20 thoughts on “Tommy the hot live! sex chat with hottest babes with a hd cam

  1. You're his lifeline and it's time for him to sink or swim. He's not 'thinking it over', he's afraid of change.

    You're enabling him by driving him everywhere. You're letting him use his excuses as to not get a driver's license or find ways to better himself. If any of you continue to enable him it's only going to slow his progress. I think it's past time you start setting some boundaries with him.

    “I will only drive you to help you practice driving and to our dates”. Not to work. Not to the store. Not for anything in particular that he needs to do. You taxiing him around should be a mutual benefit for both of you. He's not your responsibility.

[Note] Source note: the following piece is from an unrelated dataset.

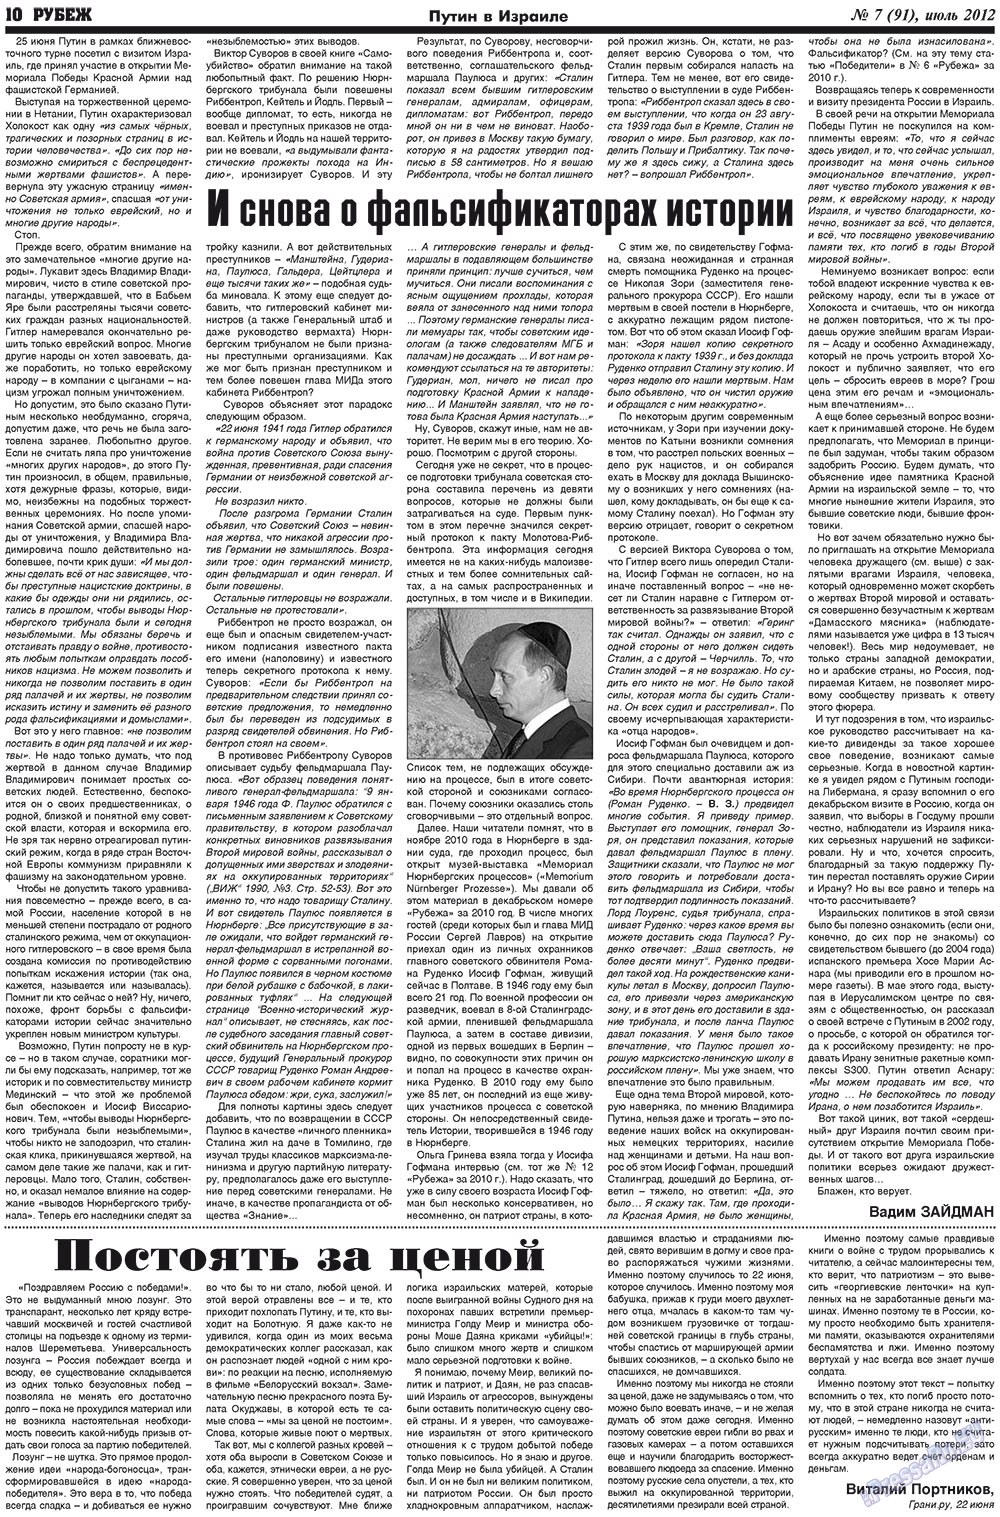 Рубеж, газета. 2012 №7 стр.10

    As for the job, I think he's just comfortable and doesn't want to change. Maybe he feels like entering any kind of school is a commitment and he's not ready to commit to 1 craft. That's understandable to an extent, but it's also ridiculous. I find the 'trick' to get people more motivated is to emphasize “getting your foot in the door”. Do something to give yourself options, because right now you don't have jack shit. If you start a in a trade school to be a mechanic, it'll expose you to a wide range of skills from welding, mechanist, piping… But it'll also expose you to how to use tools, maybe how to read diagrams, maybe even how you read drawings (shout-out to all my designer brothers/sisters). You have to sell it to him so the tunnel isn't so dark for him.

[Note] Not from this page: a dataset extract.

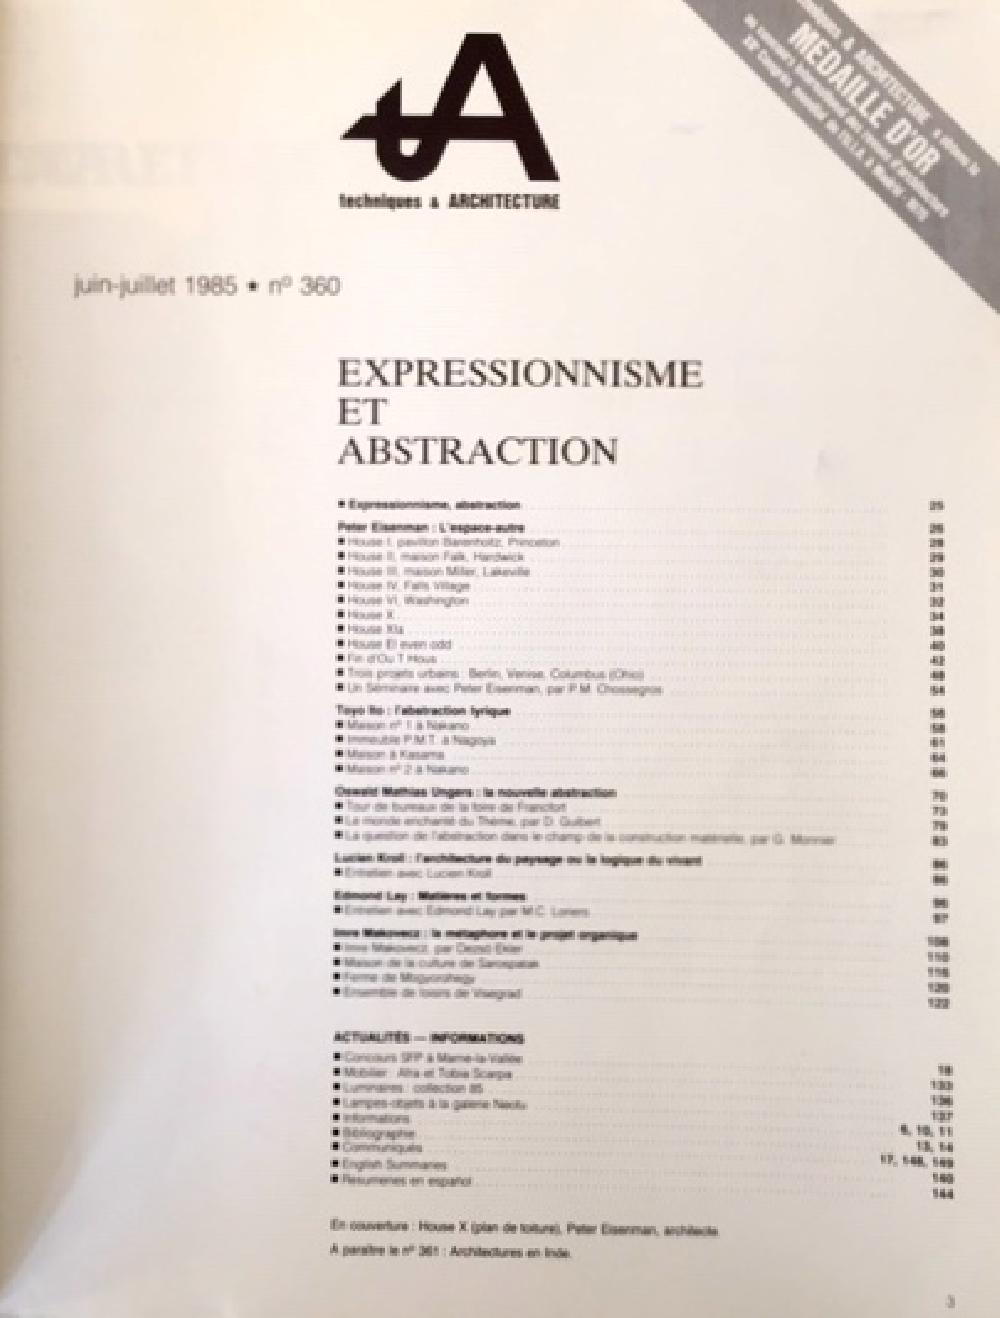 Techniques & Architecture n°360 - Expressionnisme et abstraction

    Bottom line, I think he's scared to move forward in life. Maybe this life is the only one be knows and he's comfortable with it. He has to change though because life isn't going to wait for him forever… And neither should you.

  2. Yes you should absolutely tell him. Don’t worry about his reaction, that’s all on him (unless violence is a possibility).

    You should tell him that you own up to what happened and don’t make excuses. You did it and it’s done. You’re only human and you made a mistake.

  3. She bathes regularly, like every other day. Car is similar to house and she doesn’t run late often but it does happen occasionally

  4. Interesting….. when the roles are reversed the comments are filled with on how it’s important for the S/O to go get therapy……. Huh….. weird……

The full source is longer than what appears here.